1. - La questione di legittimità costituzionale sollevata dal Tribunale per i minorenni di Bologna investe l'art. 27 del testo delle disposizioni sul processo penale a carico di imputati minorenni approvato con d.P.R 22 settembre 1988, n. 448. Tale norma prevede che il giudice per le indagini preliminari, su richiesta del pubblico ministero, possa pronunciare sentenza di non luogo a procedere per irrilevanza del fatto, quando l'ulteriore corso del procedimento pregiudica le esigenze educative del minorenne, se risulta la tenuità del fatto e la occasionalità del comportamento. Il giudice remittente ha fatto riferimento all'art. 76 della Costituzione, ritenendo che possa esser stata "ecceduta la sfera di delegazione legislativa", all'art. 112 perché sarebbe stato conferito al pubblico ministero un potere dispositivo sull'azione penale legato a considerazioni di "opportunità della persecuzione penale" e all'art. 3 in quanto verrebbe sacrificato "il principio di uguaglianza a un favor minoris privo di garanzie di paritaria applicazione".

2. - Con la norma censurata, - come è stato messo in luce dalla dottrina e dalla giurisprudenza dei giudici di merito -, è stato introdotto nel sistema penale minorile un nuovo istituto: non si procederà contro l'imputato minorenne "per irrilevanza del fatto" quando si verifichino due condizioni, una oggettiva, vale a dire che il fatto sia tenue ed il comportamento occasionale, l'altra soggettiva e cioè che l'ulteriore corso del procedimento pregiudichi le esigenze educative del minorenne.

Il testo dell'art. 27 delle disposizioni approvate col citato d.P.R. n. 448 del 1988 presenta notevoli differenze rispetto alla redazione del progetto preliminare. Quest'ultimo aveva previsto, all'art. 23, la pronuncia di un decreto di archiviazione del giudice su richiesta del pubblico ministero, quando "per la tenuità del fatto e per l'occasionalità del comportamento, l'ulteriore corso del procedimento non risponde alle esigenze educative del minorenne e a quelle di tutela della collettività".

La relazione al progetto preliminare sottolineava in proposito: "Il meccanismo processuale prescelto non incide sulla fattispecie sostanziale del reato, (cioè sui suoi elementi costitutivi o sulle condizioni di punibilità), e quindi non esclude il promovimento dell'azione penale, ma si limita a consentire l'anticipata conclusione del processo con una pronuncia fondata sulla valutazione comparativa degli effetti positivi e negativi dello svolgimento del normale iter processuale, in considerazione delle concrete caratteristiche del fatto e della personalità del minore imputato".

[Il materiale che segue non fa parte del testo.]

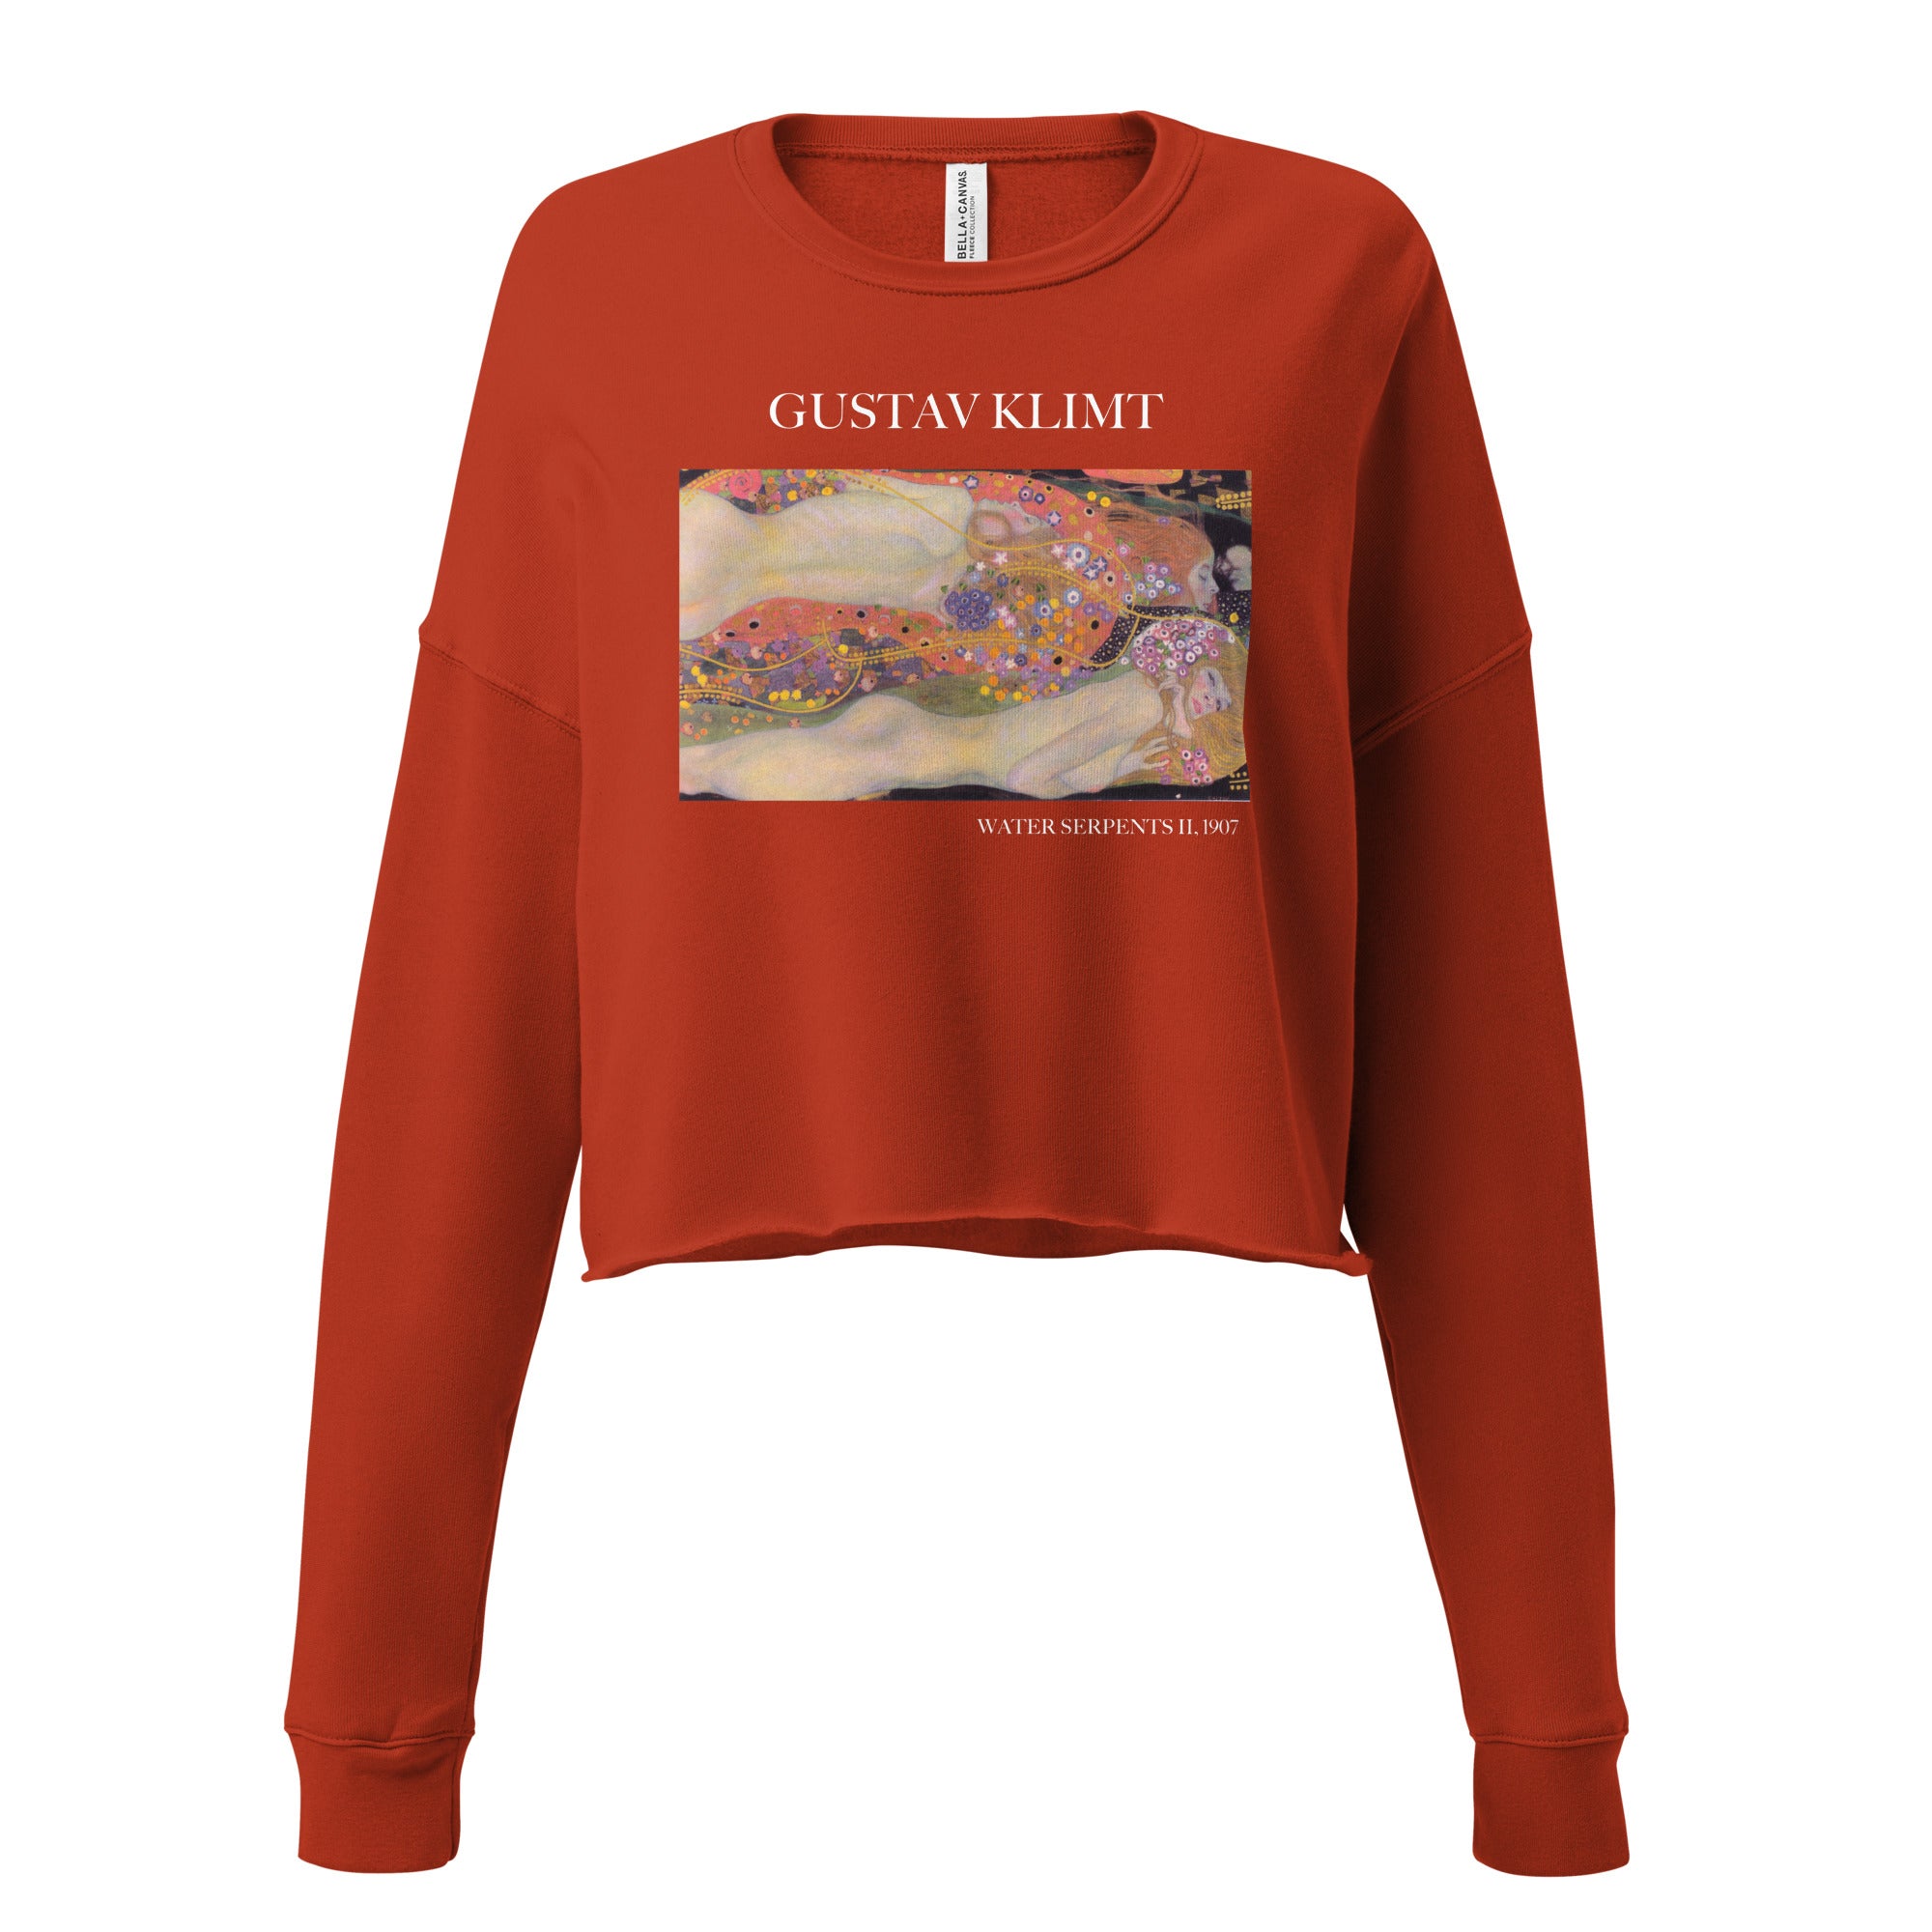 Gustav Klimt 'Water Serpents II' Famous Painting Cropped Sweatshirt | Premium Art Cropped Sweatshirt

Nel testo definitivo, divenuto art. 27, la pronuncia ha luogo con sentenza, e la condizione "quando l'ulteriore corso del procedimento non risponde alle esigenze educative del minorenne e a quelle di tutela della collettività" è divenuta "(quando) pregiudica le esigenze educative del minorenne", essendo stato eliminato il riferimento alla "tutela della collettività". La relazione chiarisce che è stato accolto il suggerimento della Commissione parlamentare, prevedendosi la sentenza anziché il decreto di archiviazione, "tenuto conto delle perplessità da alcune parti manifestate circa la compatibilità dell'archiviazione con il principio dell'obbligatorietà dell'azione penale sancito dall'art. 112 della Costituzione".

È appena il caso di aggiungere che, in forza dell'art. 32 del testo delle disposizioni approvate col d.P.R. n. 448 del 1988 - ora modificato dall'art. 46 del decreto legislativo 14 gennaio 1991, n. 12 - e dell'art. 26 del testo delle norme di attuazione, di coordinamento e transitorie, approvato con decreto legislativo 28 luglio 1989, n. 272, la sentenza di non luogo a procedere per irrilevanza del fatto può essere pronunciata o dal giudice per le indagini preliminari su richiesta del pubbblico ministero se "fin dalle prime indagini risulta che sussistono le condizioni previste dall'art. 27", o dal giudice dell'udienza preliminare (nella composizione collegiale prevista dall'art. 50-bis, secondo comma, del regio decreto 30 gennaio 1941, n. 12, introdotto dall'art. 14 del d.P.R. 22 settembre 1988, n. 449).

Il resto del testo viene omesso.